Justiça Eleitoral da Comarca de Carandaí confirma resultado das eleições de 2020 no Município de Capela Nova

Justiça Eleitoral da Comarca de Carandaí confirma resultado das eleições de 2020 no Município de Capela Nova e mantém grupo político do Prefeito Adelmo de Rezende Moreira nos poderes Executivo e Legislativo.

A MMª. Juíza da 68ª Zona Eleitoral da Comarca de Carandaí, Dra. Marié Merceses da Silva Maia, julgou, nesta segunda-feira (29/11/21), improcedente duas ações de investigações judiciais eleitorais ajuizadas contra o grupo político do Prefeito eleito Adelmo Adelmo Rezende Moreira no Município de Capela Nova.

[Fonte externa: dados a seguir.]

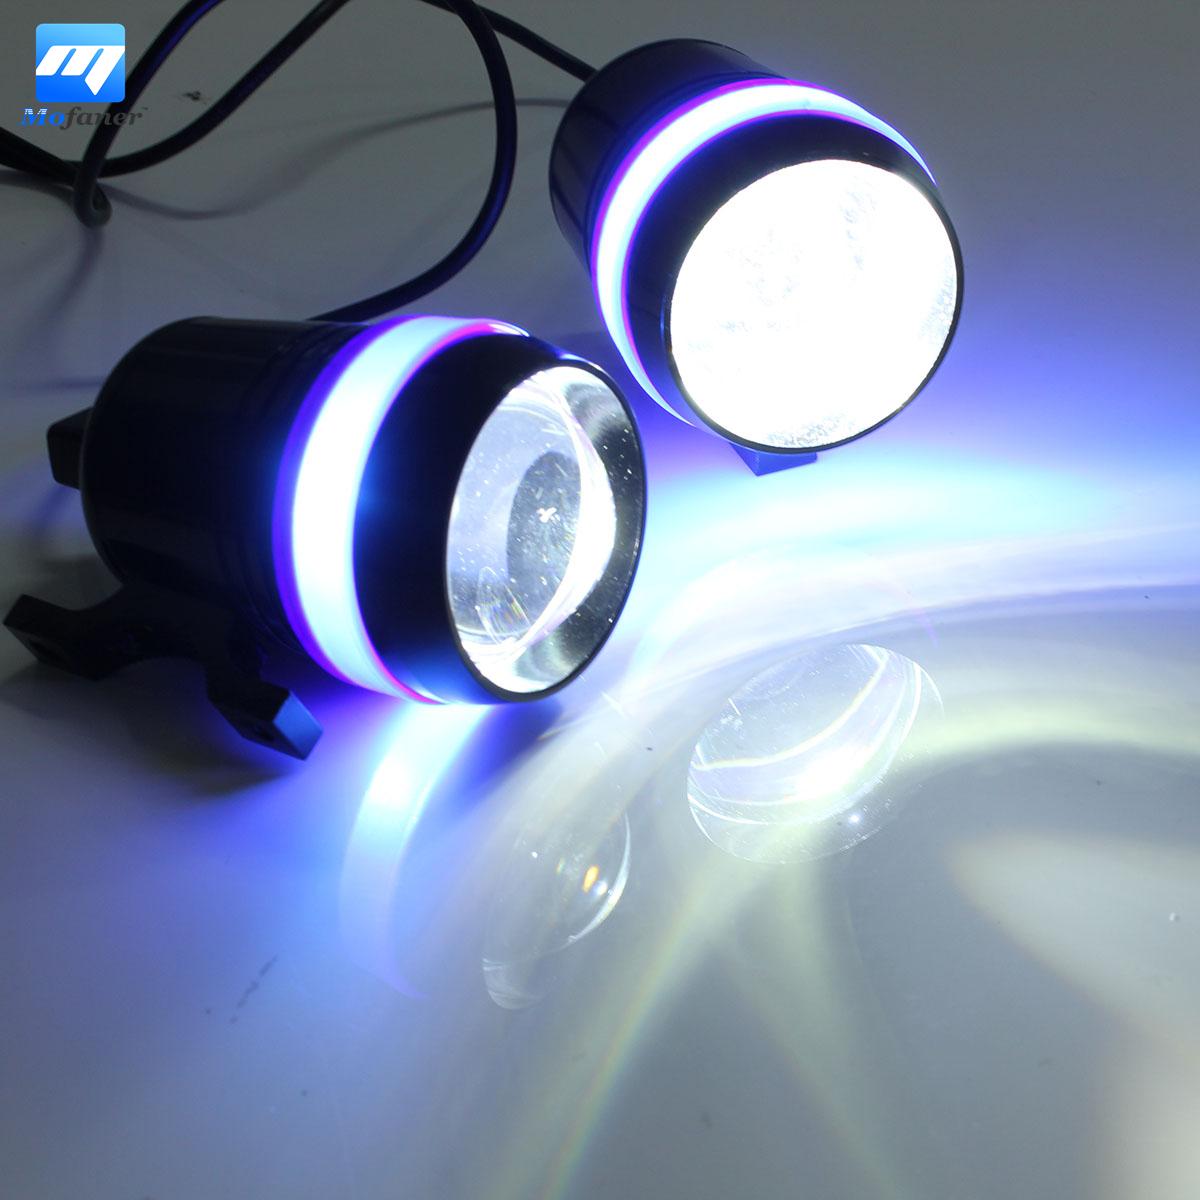 1 Pair 12V 30W Motorcycle Scooter LED Headlight Driving Fog Spot Light Angel Eye Lamp For Yamaha For Honda For kawasaki

A primeira das ações, interposta pelos representantes dos Partidos que fazem oposição ao Prefeito eleito Adelmo, visava a cassação do seu diploma e de seu vice, Otacílio de Faria Barbosa, por suposto abuso de poder político e econômico, bem como captação ilícita de sufrágio durante o período eleitoral de 2020.

Na decisão, a magistrada ressaltou que “não se divisa a existência de ato ilícito, tornando-se óbice à análise de resultado e de liame causal, pois a existência de conduta contrária ao direito é-lhes antecedente lógico necessário.”

A segunda ação, também interposta pelo grupo que faz oposição ao Prefeito Adelmo no Município de Capela Nova, tinha como objetivo a cassação dos mandatos conferidos aos vereadores eleitos pelo Partido Democratas nas eleições de 2020, em razão de supostas candidaturas fictícias por mulheres que obtiveram zero voto nas eleições de 2020.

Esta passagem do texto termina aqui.